In Fairfield, Malloy said, “people go out and manufacture
their dreams. When we all share the pride, that’s when everything changes.”
Classroom building is a lesson in sustainability
Fairfield, Ia. – Maharishi University of Management here set out three years ago to build a new classroom building for its sustainable living program that lived up to the department’s mission. The finished product may be the greenest building in Iowa.
The building is constructed of compressed-earthen blocks manufactured by students on site and load-bearing timbers consisting of full-size aspen tree trunks. It generates more energy than it consumes. It collects and treats rainwater from the roof for drinking and flushing. Daylight supplies two-thirds of light in classrooms and offices during the day.
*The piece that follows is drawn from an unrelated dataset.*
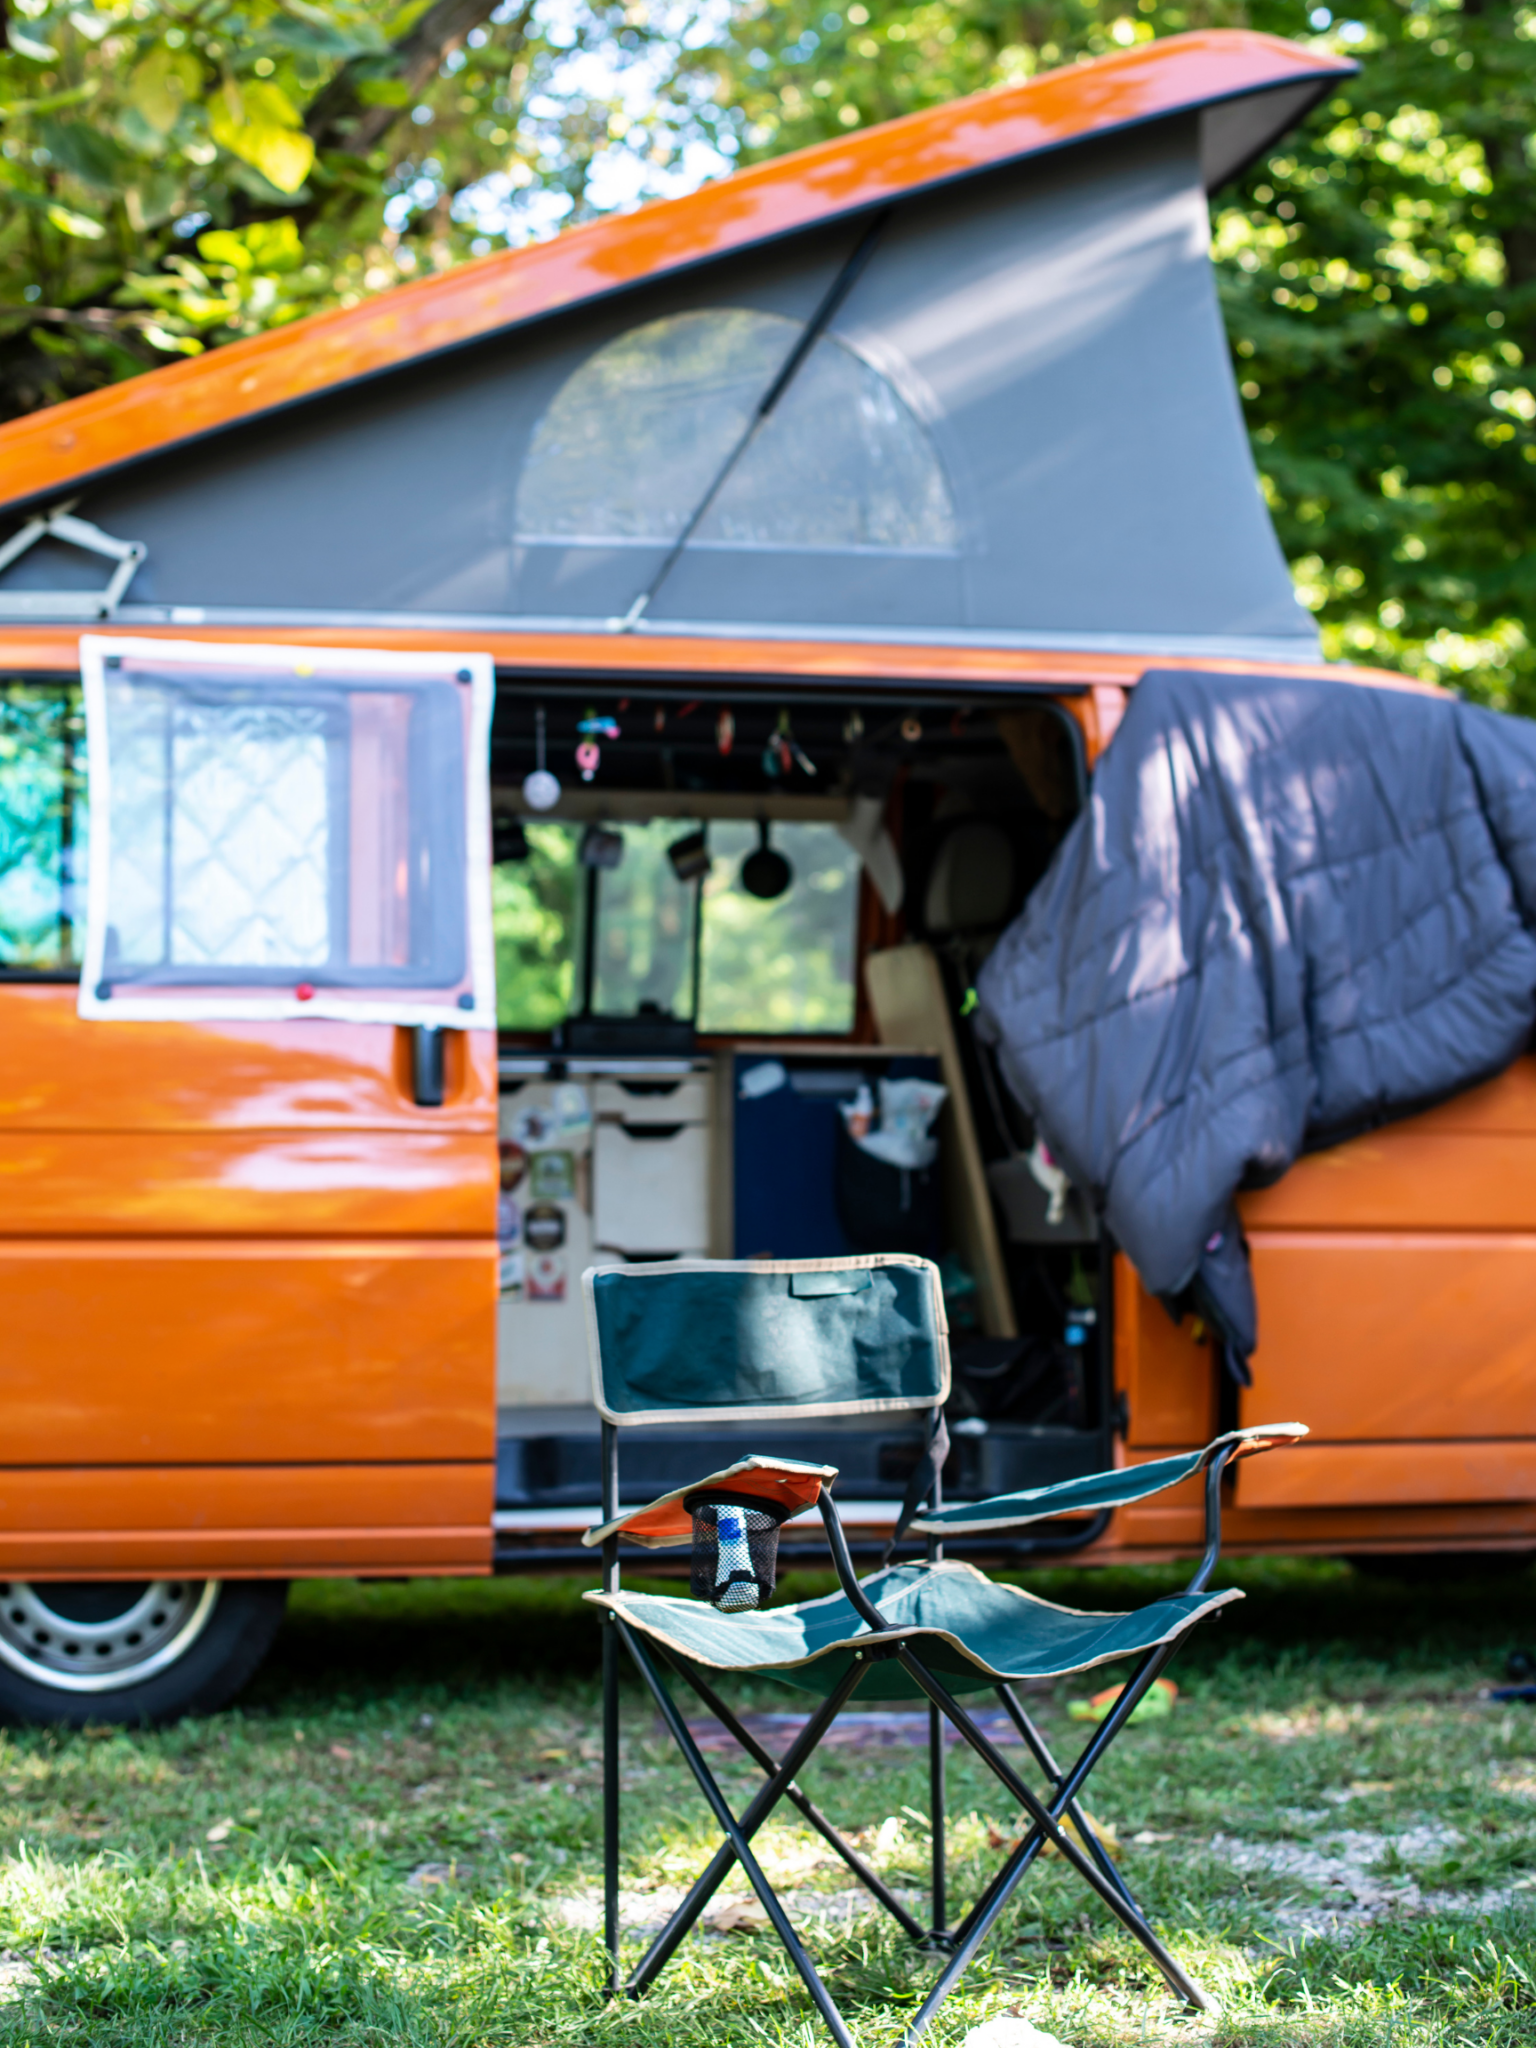 Camping chair in front of orange pop top van
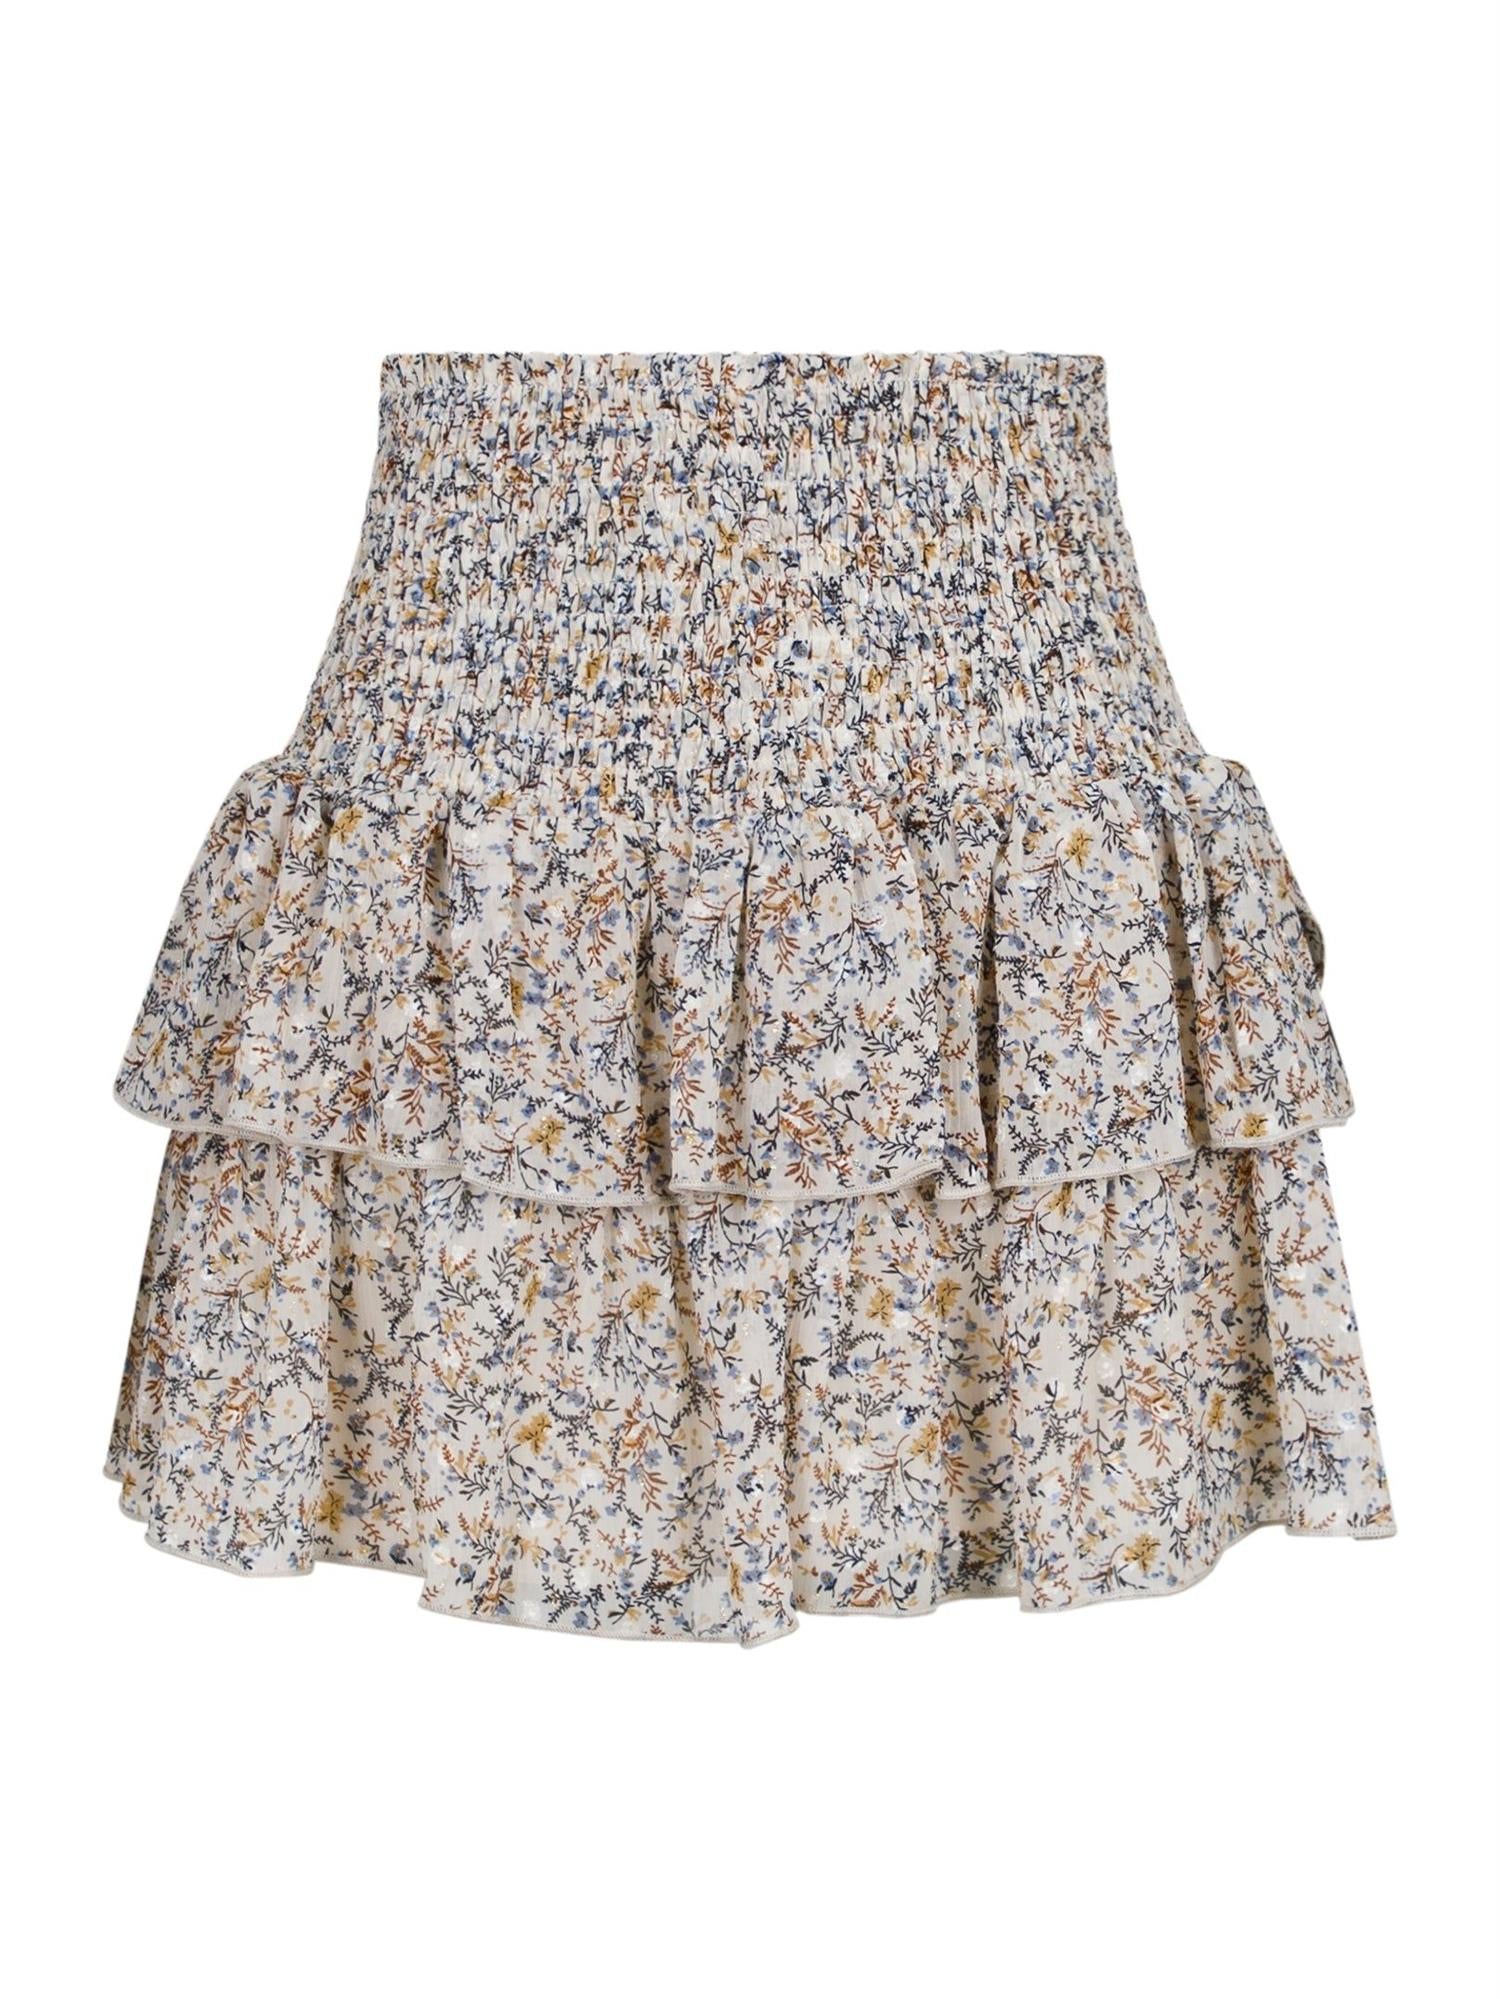 Carin Bohemian Skirt

Passive and active solar energy is stored in 600 tons of earthen blocks and a 5,000-gallon water tank, which is supplemented with wind-generated electricity. It has a greenhouse for growing plants indoors and edible landscaping outdoors.
The Schwartz-Guich Sustainable Living Center is performing exactly as intended. In fact, it is “exceeding our expectations in energy efficiency in cooling and heating seasons,” said Lawrence Gamble, professor of sustainable living at MUM and an irrepressible evangelist on the subject of renewable energy and natural resource conservation.
Standing beside the center’s electric meter outside the building recently, Gamble pointed to the spinning wheel that measures electric consumption. The wheel was going backward, however, meaning the building was returning power to the electric grid. In fact, according to Gamble, the center produces about a third more energy than it consumes. And it consumes less than a quarter of what an ordinary building of the same size would consume.
Besides employing nearly every imaginable green building technique, the Sustainable Living Center design follows the principles of Maharishi Vedic architecture, an ancient design philosophy from India that puts buildings in harmony with nature. It is hard to imagine a building that does a better job of meeting that goal.